Чижиков пустил густое белое кольцо дыму, оно плыло, расширилось в темную ленту и пропало в воздухе.
— Скажите, пожалуйста, — начал Русанов, желая прекратить тяжелое объяснение: — неужели Ишимов ничего не дал за сестрою? (стр. 115).
Вместо того чтобы описывать весьма картинно, каким образом белое кольцо дыму плыло, плыло и пропадало в воздухе, г. Клюшникову не мешало бы задуматься над тем двусмысленным положением, в которое попал Русанов вследствие ‘тяжелого объяснения’ с своим подчиненным. Но г. Клюшников даже не заметил никакой двусмысленности и никакого положения. Русанов, который, разумеется, не может быть дальновиднее своего творца, также отнесся ко всему этому разговору очень легко и игриво. Он только своротил в сторону от ‘тяжелого объяснения’ и затем счел все дело оконченным. Этого мало. Он даже, в доме своих добрых знакомых, Горобцов, ‘начал описывать чиновный мир и пошел по своей колее с свойственным ему добродушным юмором’ (стр. 127).
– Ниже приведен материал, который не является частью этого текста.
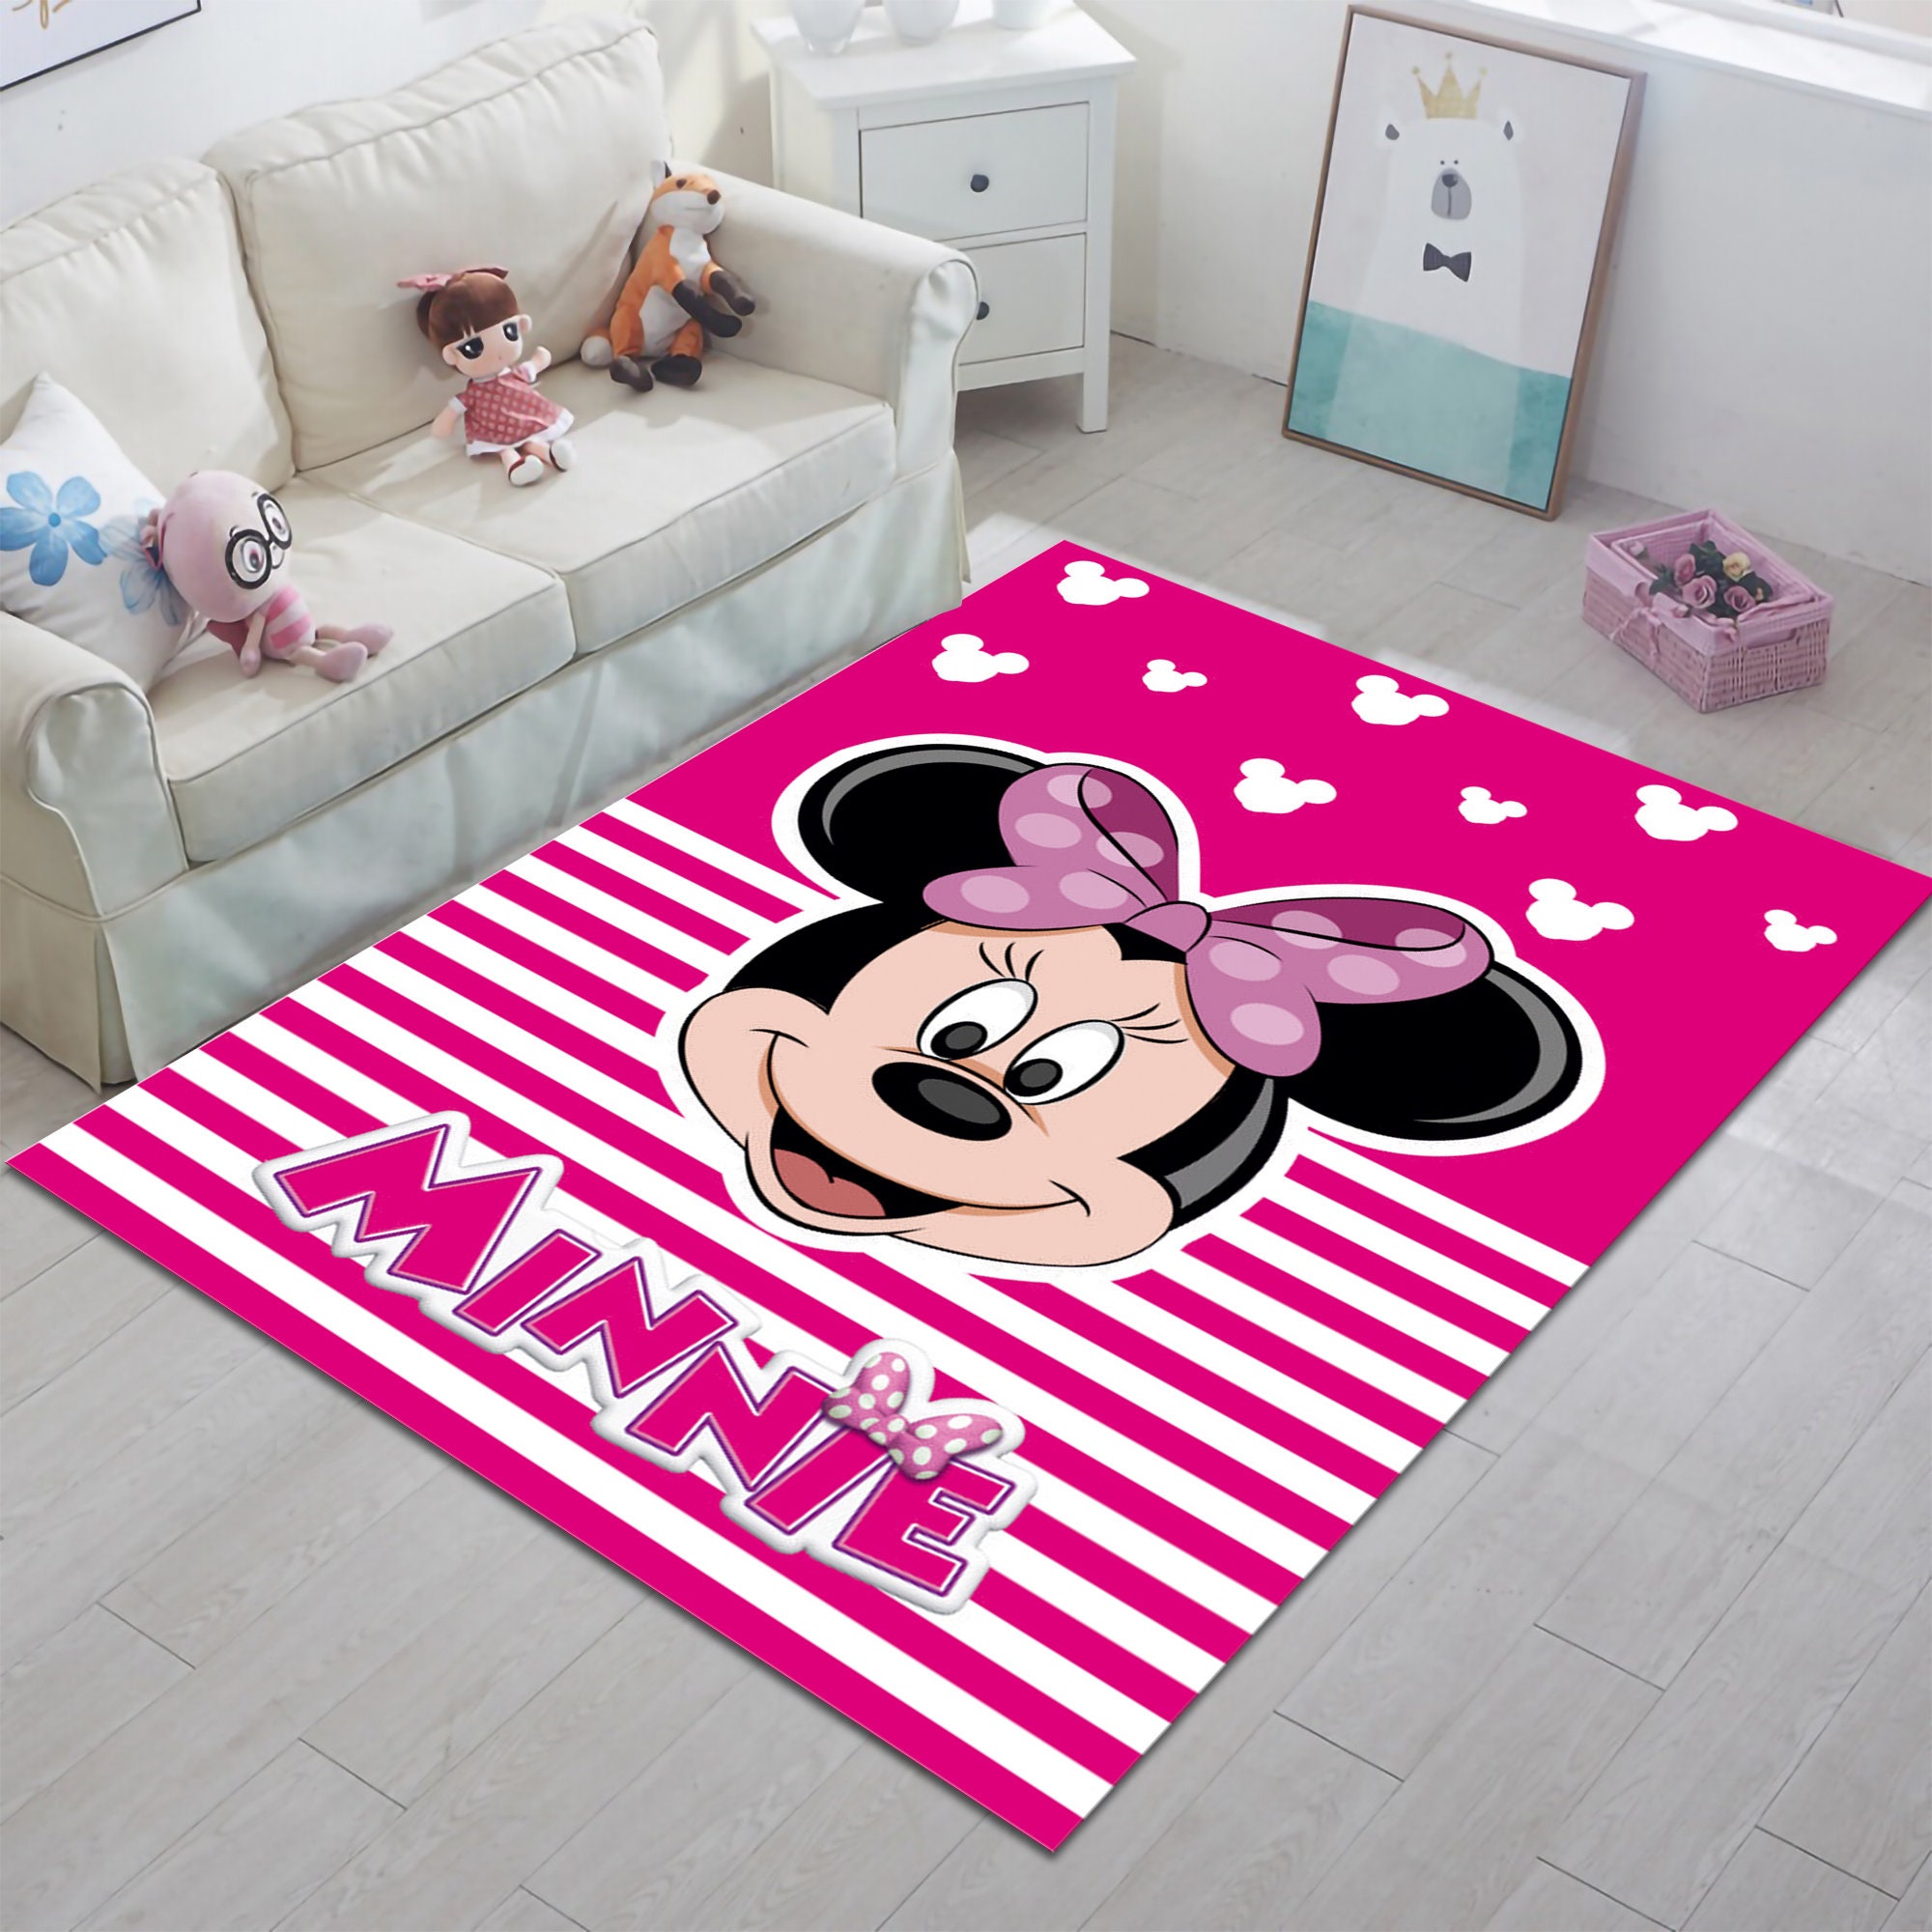 Discover Minnie Rug, Mouse Rug, Cartoon Rug, Gift for Daughter, Pink Rug, Kids Room Rug, Nursery Decor, Kids Decor, Cute Rug

По какой колее ходит обыкновенно Русанов в своих разговорах — этого я не знаю, потому что все его разговоры, приведенные в романе, совершенно бессвязны, безалаберны, наполнены внутренними противоречиями и ни в какую определенную колею не могут быть втиснуты. Что Русанову свойствен какой-то юмор, этому я также не могу поверить, потому что во всех его разговорах нет никаких следов юмора. В добродушии же я, пожалуй, не откажу Русанову, если только под этим именем мне позволено будет подразумевать его абсолютную неспособность отнестись серьезно к какому бы то ни было явлению жизни и довести, последовательно до конца какую бы то ни было дельную мысль. — На добродушные рассказы Русанова о чиновном мире злобный Бронский делает следующее возражение: ‘— Как не пожалеть в самом деле! Жена, дети, et caetera, et caetera… {И так далее и так далее (лат.). — Ред.} О благодетели! Неужели это оправдание? — и затем он принялся говорить в духе такой нетерпимости, что Русанов решился уступить поле противнику и удалился в уголок’ (стр. 128).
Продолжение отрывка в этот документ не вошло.